Password Journal. Not only is this the bestselling girls’ electronic product of all time, but it uses voice biometrics as a key feature (to lock a diary). I once heard that half of all 11-year-old girls in the US have a diary and their top concern is that someone unintended will open it and read it. This product was so successful that Girltech, the company Sensory worked with, was acquired by Radica, who was then acquired by Mattel. Most new toy introductions have a 1-2 year life. This product, and its many revisions, has been on the market for over 15 years!

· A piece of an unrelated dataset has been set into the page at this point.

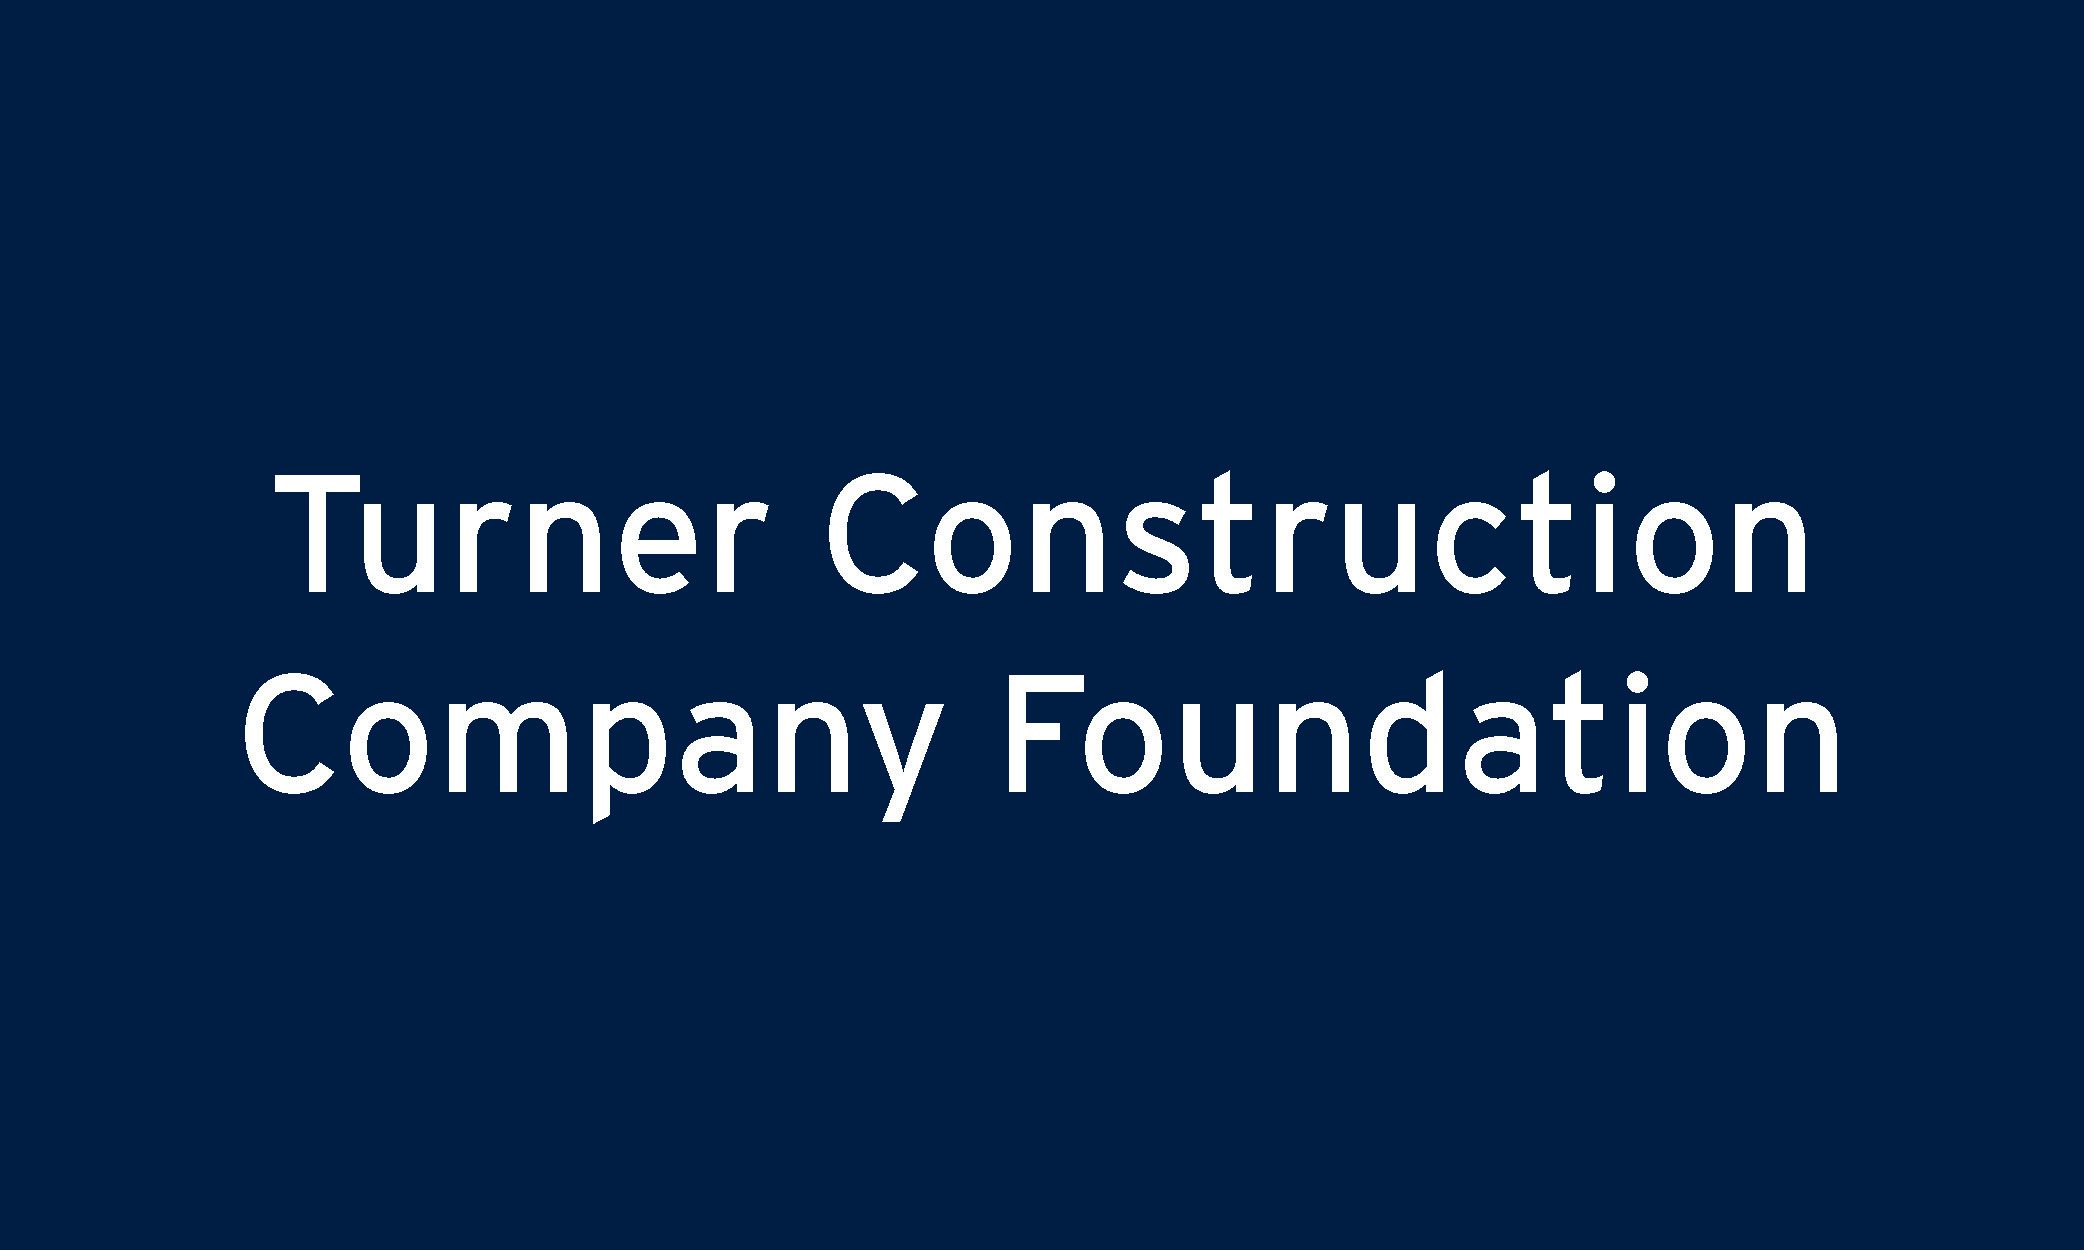 Turner Construction Company Foundation

Voice Signal and VOS light switches. Voice Signal Technologies was a company started around 1995 to build voice controlled light switches. They got so excited about speech technology that they successfully transitioned into a leader in embedded speech (they went from Sensory’s customer to competitor!), and were eventually sold to Nuance for just under $300M! Sensory’s customer VOS also made light switches. VOS even introduced a Star-Trek branded light switch and licensed Majel Roddenberry’s voice. Computer Lights On!
Uniden Voice Dial. I’ll never forget the thrill of landing in Las Vegas for CES, and going down the escalator into the baggage claim area and seeing a HUGE sign saying “Uniden Introduces VoiceDial.” The phones worked great. They even ran a TV commercial featuring the famous sumo wrestler Konishiki saying “Pizza-man.”
Moshi Clock. What a great clock! You could set the alarm or time just by speaking to it. The clock would even tell you the weather. And this was pre-SIRI!!
BlueAnt V1. BlueAnt moved two steps ahead of its competitors with the V1. It had a completely voice-driven user interface that replaced the buttons and flashing lights on a Bluetooth headset. This was probably the first consumer electronic device that enabled a full and complex VUI-based experienced. And the reviews were some of best reviews I have ever seen.
Apple SIRI/iPhone 4s. SIRI was an amazing breakthrough for voice recognition – not so much in the capabilities it presented, but in the marketing and brand support behind it. When Apple said the time was right for speech recognition, the world listened and consumer electronic OEMs suddenly changed!
Google Glass. OK, it’s not shipping yet, but they have taken a VERY novel approach to speech by using what they refer to in the press as “hotword” models. We in the industry call this Keyword spotting. I handed my Glass to my wife and she put it on and said “You mean I just say OK Glass? Oh now I see all these other things so I can say Get Directions to Chef Chus restaurant? Woah! It’s showing me directions to Chef Chus!” The device throws out all the wrong words and captures the key words it wants to hear then seamlessly switches to a cloud-based recognizer.
Motorola MotoX. 15M plus views for a TV commercial featuring voice control!!! And the users LOVE it! Touchless Control is one of the best reviewed apps in the GooglePlay store!
Motorola, who just happens to be a Sensory customer, launched a suite of new phones including Moto X and three Droids – Maxx, Ultra, and Mini – all with this awesome feature called “touchless control.” The “touchless control” uses a technology to wake up the phone by voice from a low power state, so the phone is always on and listening. Sorta like TrulyHandsfree! It links into GoogleNow so you can control pretty much anything and access information without touching the phone.
Moto launched an advertising campaign around the Lazy Phone Guy. These are my favorite ads ever, and the best of all these ads is the “no touching” Moto X phone. It’s already hit about 15M views!
Just saw this AdAge article about the Lazy Phone gone viral and beating out iPhone at its new launch. Says the touch ad has hit about 20M!
Even more impressive are the customer reviews for the “touchless control” technology. It’s one of the highest rated apps in the GooglePlay shop.